Мгновение Раф молчит и более чем скептически на меня смотрит, изогнув идеальную чёрную бровь.
— Чёрта с два, — бормочет он, зловредно, становясь привычным для меня.
— О! Гордеев вернулся! — восклицаю я издевательски. — Где ж это тебя носило?
Ухмыляясь, парень притягивает меня ближе к себе.
— Собирайся, есть идея.
Склонившись, Раф, запечатлевает, одинокий поцелуй на моём плече. Сердце пропускает удар. Я, клянусь, могу чувствовать эти губы сквозь ткань. Кончики моих пальцев загудели в навязчивом желании окунуться в шёлковые черные пряди. Поддавшись навязчивой идее, невесомо дотронулась до мягких волос, обнаруживая, что они немного влажные. Серебряная порядка попадается на глаза, и я вздрагиваю.
Это, что... седая прядь?
Я присматриваюсь внимательнее, решая, не обманывает ли меня мой мозг. Но нет же!

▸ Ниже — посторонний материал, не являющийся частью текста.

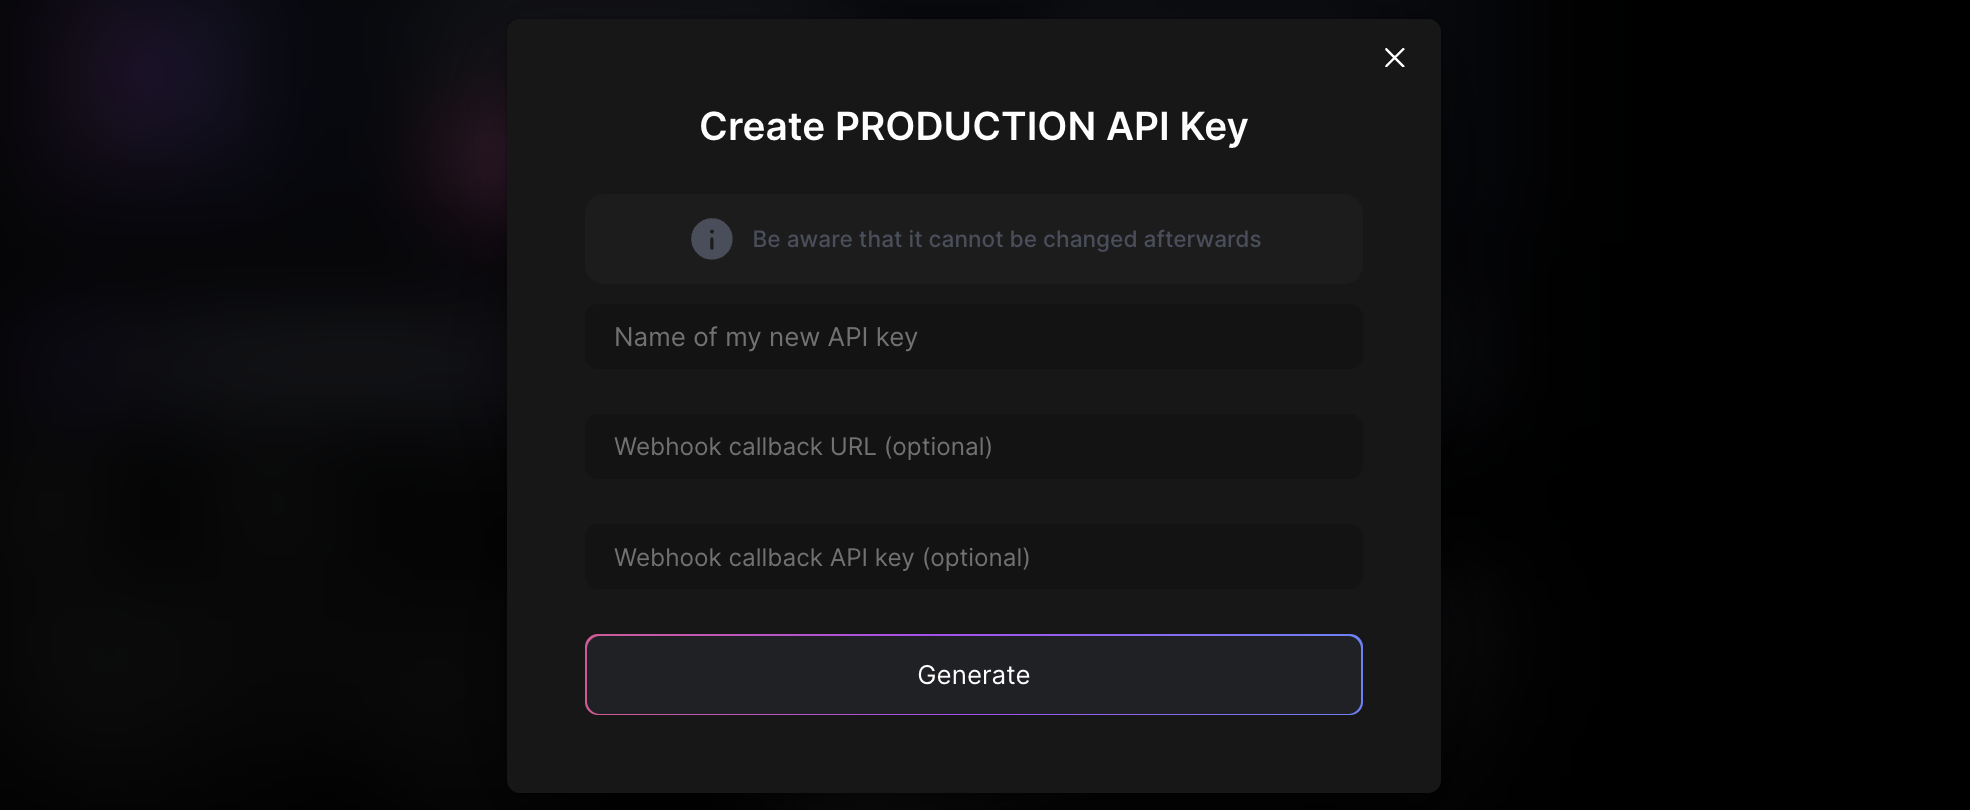 Webhook URL and webhook API key is set during production API key creation.

В волосах около четырёх дюймов длинной, у левого виска, вьётся тоненькая серебреная прядка.
Я вмерзаю в воздух, не в силах пошевелиться. Это открытие, потрясением рисует черноволосого мальчишку, лет десяти, с огромными сапфировыми глазами. Его волосы, продеты серебром. Образ в моей голове закрывает глаза, а когда открывает, в глазницах зияет чёрная пустота. Я содрогаюсь от этого, и Раф отстраняется, скользя ладонями по талии, на подозревая о моём шоке.
Наскоро умываюсь прохладной водой, и одевшись, привожу себя в человеческий вид. Холодная вода, мне явно ничем не помогла, хотя в целом я не чувствую себя так плохо, как выгляжу. Немного знобит, и хочется спать, но в целом ничего такого, с чем я не могла бы справиться. Стандартное утро.